A naive drawing of $K_{3,n}$ will have pathwidth $O(n)$. I think that's tight, and that the pathwidth is always $\Omega(n)$. Here's an argument why.
(1) Fix a drawing of $K_{3,n}$. Without loss of generality we can assume that no two incident edges cross and that no two edges cross twice, for otherwise we can modify the drawing to eliminate these crossings without hurting the pathwidth. Every $K_{3,3}$ subgraph of $K_{3,n}$ has a crossing, there are $n-2$ ways of extending any particular crossing to a $K_{3,3}$ subgraph, and there are $\tbinom{n}{3}$ $K_{3,3}$ subgraphs. Therefore, the number of crossings is at least $n^2/6$. (Actually a tight bound approximately $n^2/4$ is known but it doesn't change the rest.)

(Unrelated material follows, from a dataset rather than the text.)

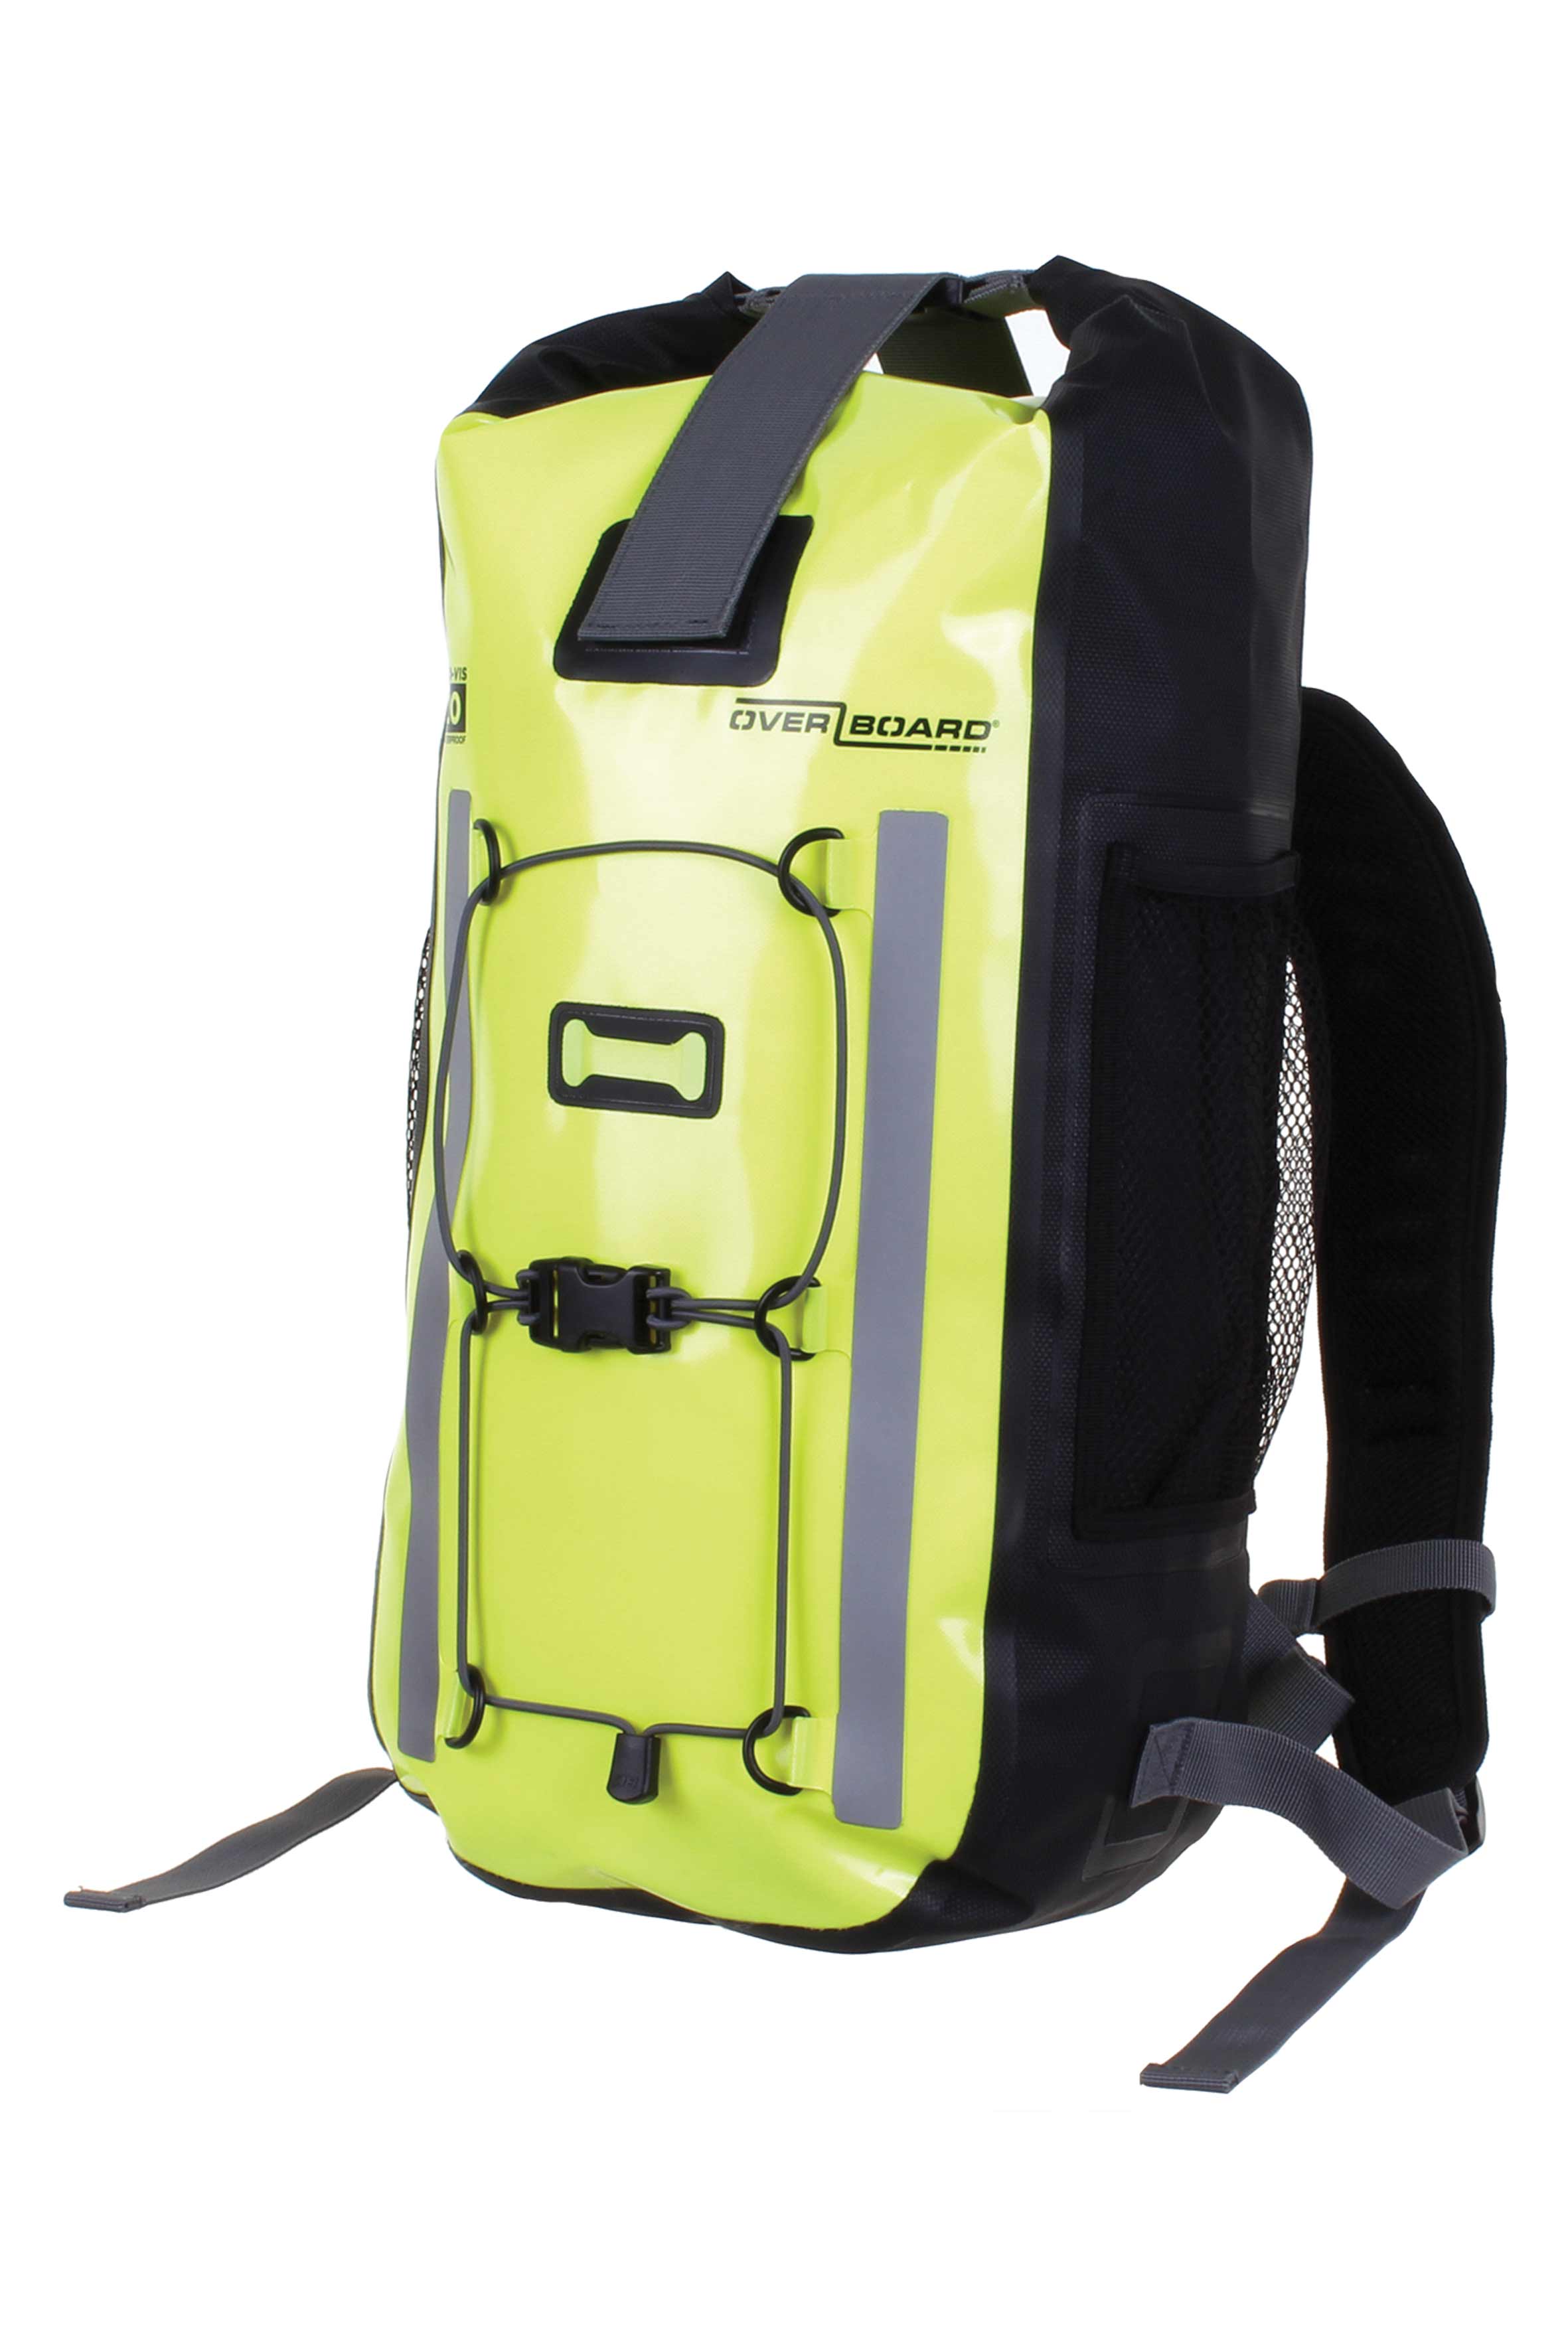 SAFEQUIP Pro-Vis 100% Waterproof Backpack, 20L, Orange/Yellow ...
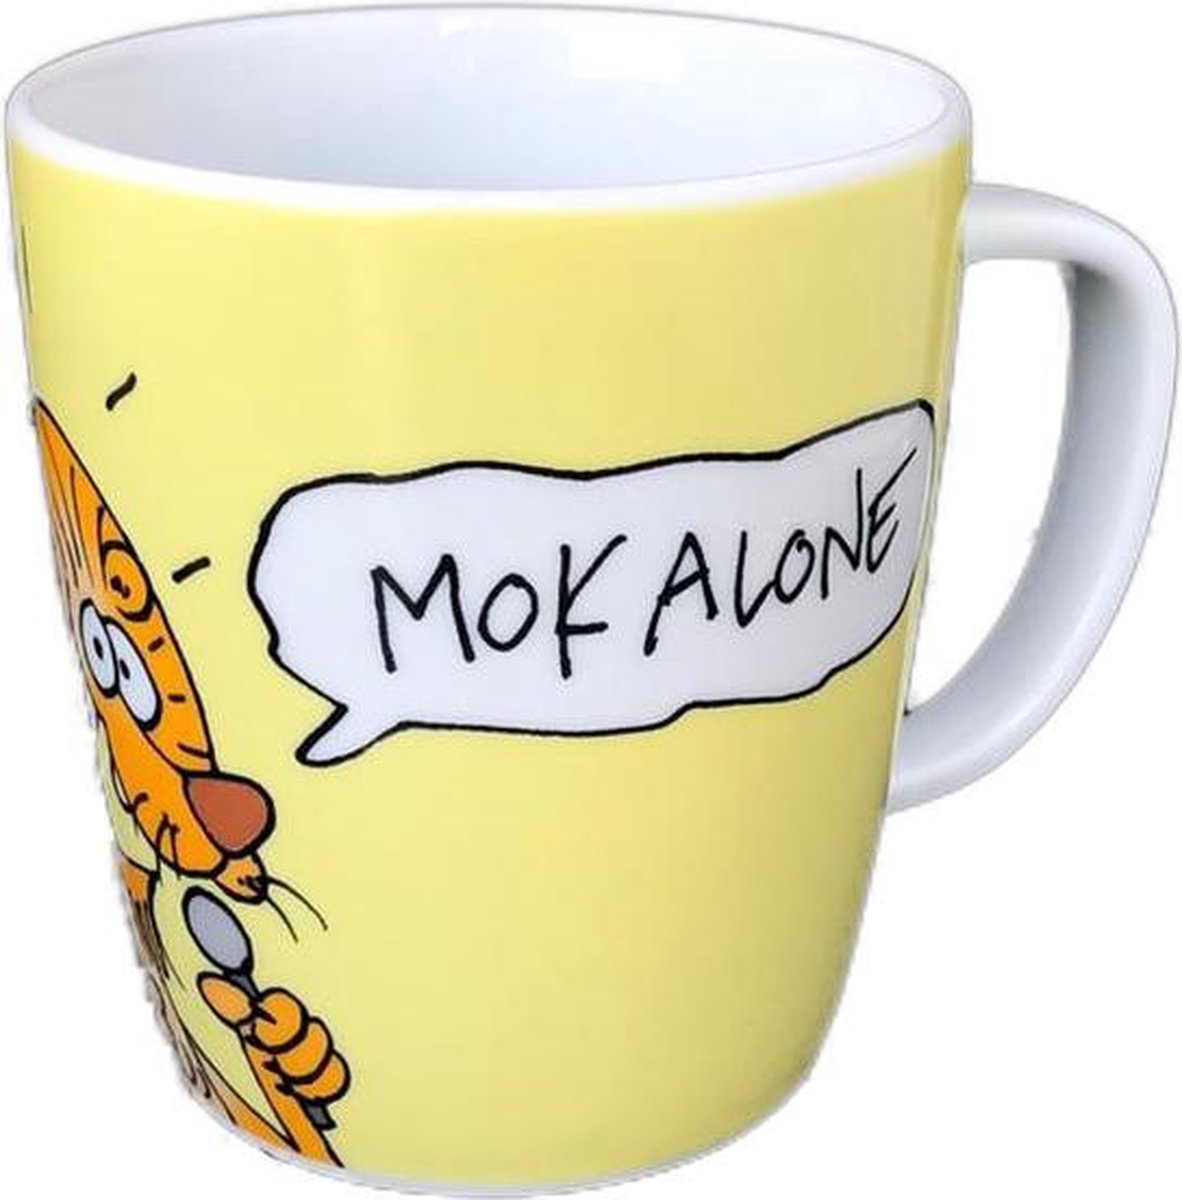 Toon van Driel grote mok voor koffie of thee | You never mok alone | kantoorhumor | 325 ml

(2) Set $S$ to be the set of all edges in $K_{3,n}$, and consider any linear arrangement of the crossings in the whole drawing. Repeat the following steps:
(2a) Consider the point of that arrangement that bisects the crossings between pairs of edges in $S$. Define an edge of $S$ to be "cut" if all of its crossing points with other edges in $S$ are in the same half of this bisection, and "uncut" otherwise.
(2b) If there are at least $\epsilon n$ cut edges of the drawing (for some suitable constant $\epsilon$), then each of them contributes an edge of the planarization that also crosses the bisection point of the linear arrangement. This shows that the linear arrangement has vertex separation number $\Omega(n)$, but since the pathwidth is just the minimum vertex separation number of a linear arrangement, the pathwidth is also $\Omega(n)$.
(2c) In the remaining case, there are very few cut edges, so most of the crossings in $S$ come from pairs of uncut edges, which must both be on the same side of the bisection.
Almost half of the $S$--$S$ crossings are on each side of the bisection, and at least one of the two sides of the bisection has fewer than half of the edges in $S$. Replace $S$ by the subset of edges on that side and repeat.
(3) Each repetition of steps (2a)–(2c) approximately doubles the density of crossings / pairs of edges in $S$, because the number of crossings is halved and the number of pairs of edges is quartered. This density already starts out constant and can't exceed one. Therefore, after a constant number of repetitions, step (2b) will succeed in finding a linear number of cut edges, showing that the pathwidth is at least linear.
As for your suggestion that bounded-degree bounded-pathwidth graphs have layouts whose planarization has bounded pathwidth: this seems indeed to be true.
Find a linear ordering of the vertices of the given graph with bounded vertex separation number: that is, at each point in a left-to-right sweep of the ordering there should be finitely many vertices left of the sweep point that have neighbors to the right. Draw the graph in a left-to-right sweep of this ordering, with its edges placed on horizontal tracks, with each of the partially completed vertices having a set of $O(1)$ tracks for its remaining edges to be connected to the right. Thus, the total number of tracks is the product of the degree with the pathwidth, $O(1)$. When you reach a new vertex, you can add nearly-vertical connectors to the tracks of other vertices that should be connected to it, and shorter connections to its outgoing tracks. Here's an example, with vertex separation number three, degree three, and three tracks per vertex.

This layout, also, has bounded separation number, because the only crossings are on tracks so there can be at most one vertex with an incomplete neighborhood per track. So the pathwidth of the planarization is also $O(1)$, and more precisely at most proportional to the product of the degree and the original pathwidth.